In this case (as with your int example), a whole new value is being used and of course the key isn't found. Because value tuples are mutable though (going against the language's own advice on structs), a more insidious problem exists, whereby the value gets copied to the dictionary, so modifying the original copy doesn't modify the dictionary's key. This problem doesn't occur with reference types, nor does it occur with immutable values. It only occurs with the toxic mix of structs that are mutable that use those mutable sub-values to determine their own equality.

structs that are mutable that use those mutable sub-values to determine their own equality.

There is no other way to identify a struct, a struct is its sub-values; it is nothing else.

Reference types are generatlly comparing an IntPtr value not their contents.

Strings are a bit of a weird one, being a reference types; as they generally aren't reference equal, but content equal.

Hmm, I phrased that badly. Let me try again:

The problem only occurs with the toxic mix of structs and mutability. As you say, structs have to use their sub-values to determine their own value.

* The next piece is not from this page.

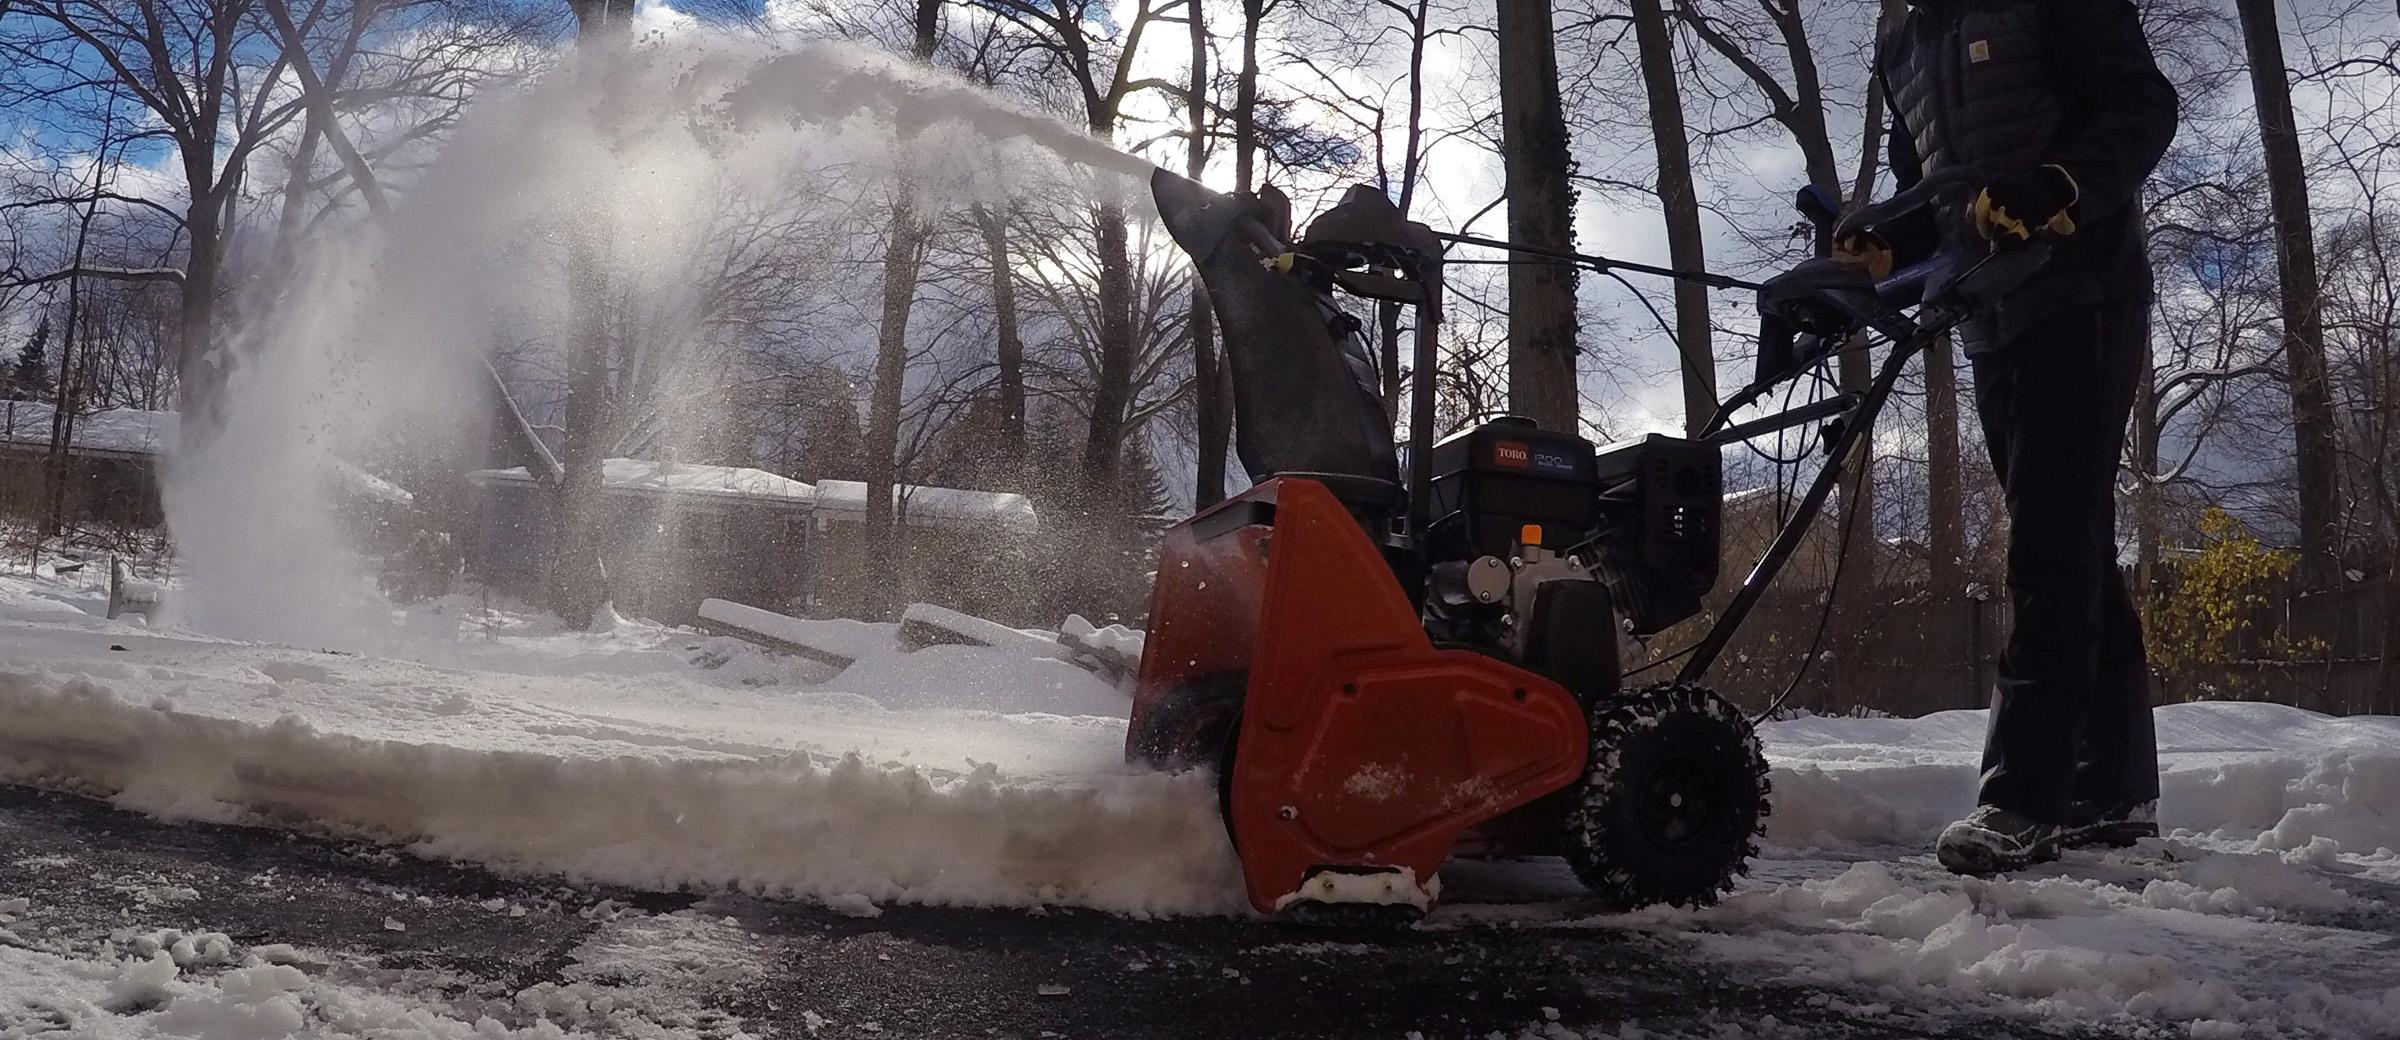 Toro Snowmaster 824 Qxe

Change that sub value, and the value of the value changes. The fact that "the value of the value changes" sounds nonsensical neatly summarises why allowing values to change themselves is a bad thing to have happen.

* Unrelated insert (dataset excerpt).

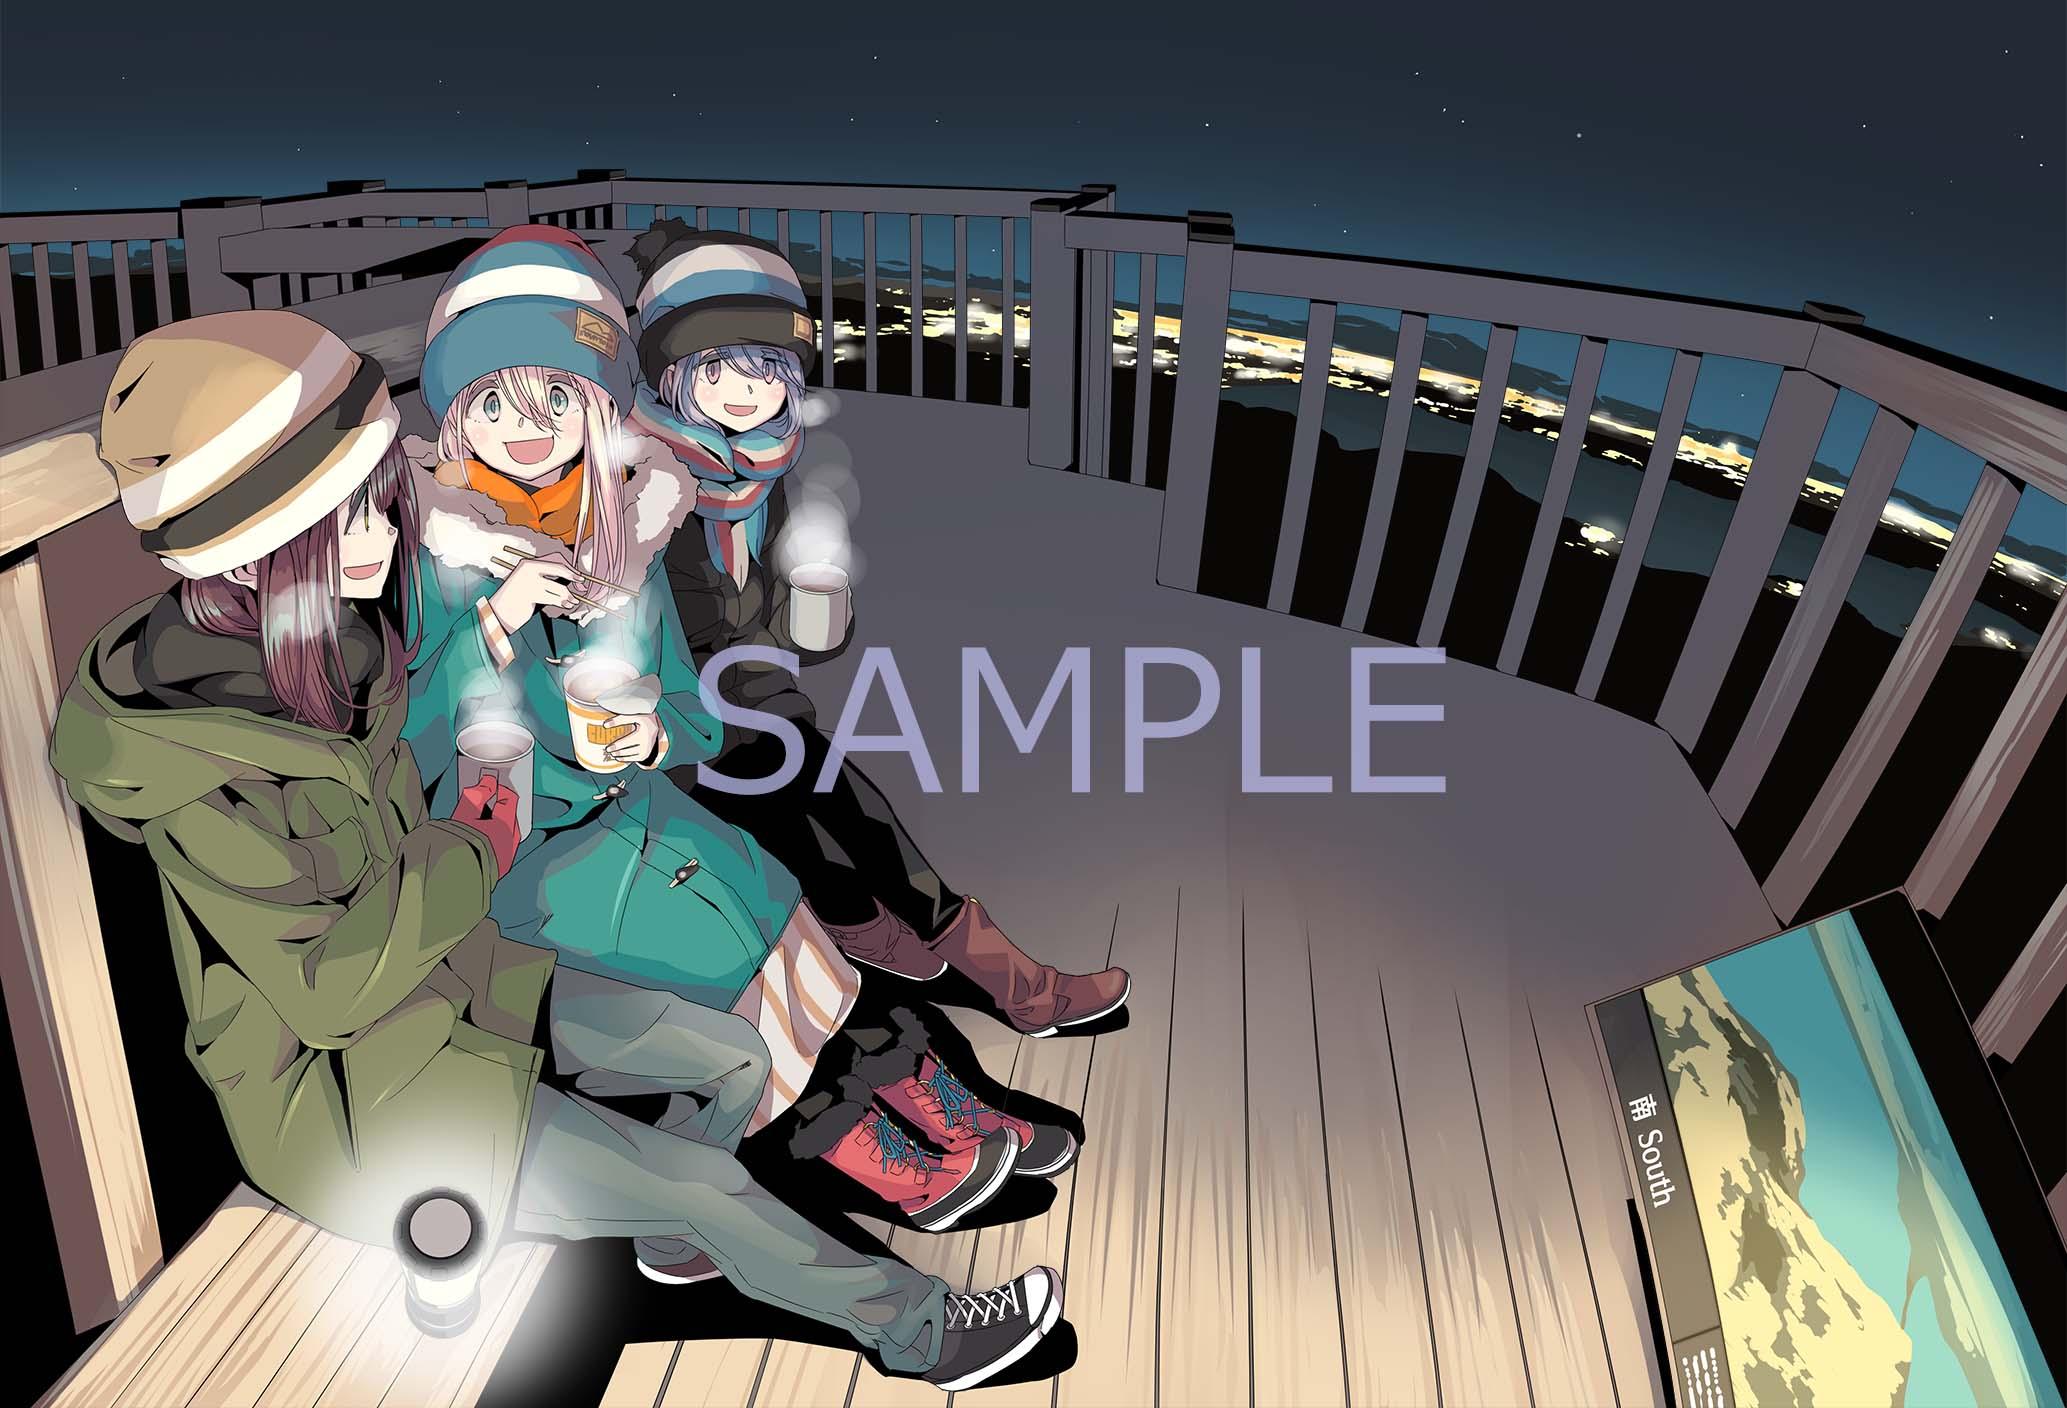 TVアニメ「ゆるキャン△SEASON2」Blu-ray&DVD全3巻発売決定!店舗別特典のデザイン画像も解禁

And that is why structs should be immutable and why allowing value tuples to be mutable was a bad decision: they are values that can change their value; ergo they are nonsensical.

Making them immutable doesn't really change much. You could do the following which is the same meaning; just more inefficent to write and to execute

var x = GetLatLng("");

var dic = new Dictionary<(int lat, int long), string>();
dic[x] = "123";

x = (3, x.long);
Console.WriteLine(dic[x]); //KeyNotFoundException

@benaadams,

That example now works the same as your int example. It's the way value tuples should work.

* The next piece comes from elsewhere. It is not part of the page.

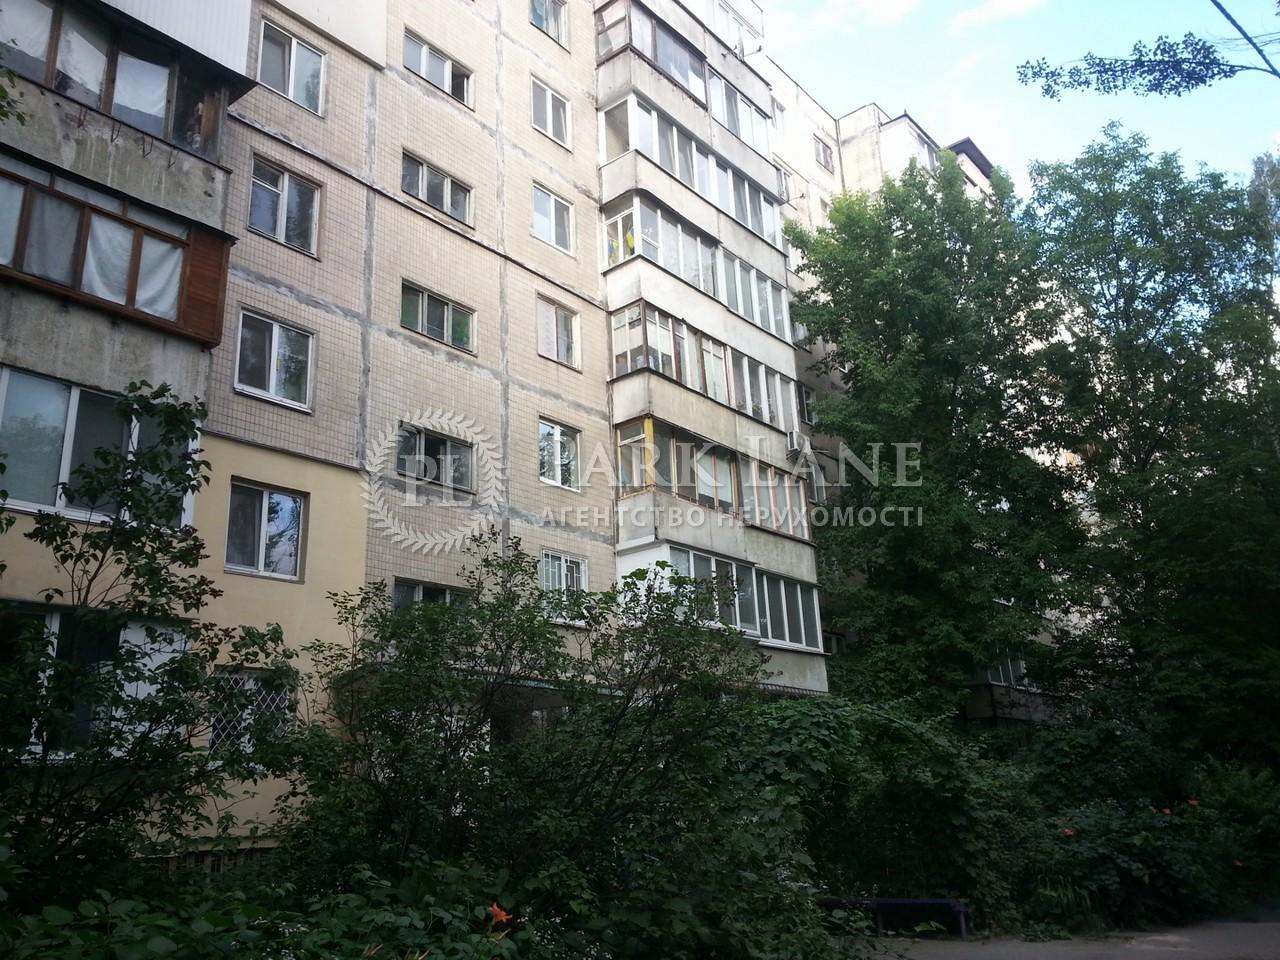 Квартира ул. Тулузы, 16, Киев, X-9034 - Фото 1

Ints aren't a good comparison though. Strings are better. The way value tuples can mutate their value is equivalent to be able to write something like:

var x = "123";
x.Append("4");
// x is now "1234"

Strings are effectively value types, they are just classes for purposes of efficiency in passing them around the system. Despite being references, they contain a value and it makes no sense for that value to change its value, thus they are immutable.

I'm aware of the problem, in fact it isn't a bug that I found, I forced it just to exemplify.

I'm only concerned with most developers, who do not know this and the problem may occur in another part of the application, not related to the bug itself.

Mutable structs do not cause a problem with dictionary keys because you are never modifying the key in the dictionary after you put it in the dictionary because you only put a copy of the struct in the dictionary. On the other hand, mutable reference types do have the exact problem you are pointing out, because you are modifying the same instance the dictionary is storing. And by doing so you are changing its computed hash code so that no matter if you continue to use the same instance to look into the dictionary you will no longer find the item using that instance as a key because the dictionary uses the hash codes first when looking up the key to find the value.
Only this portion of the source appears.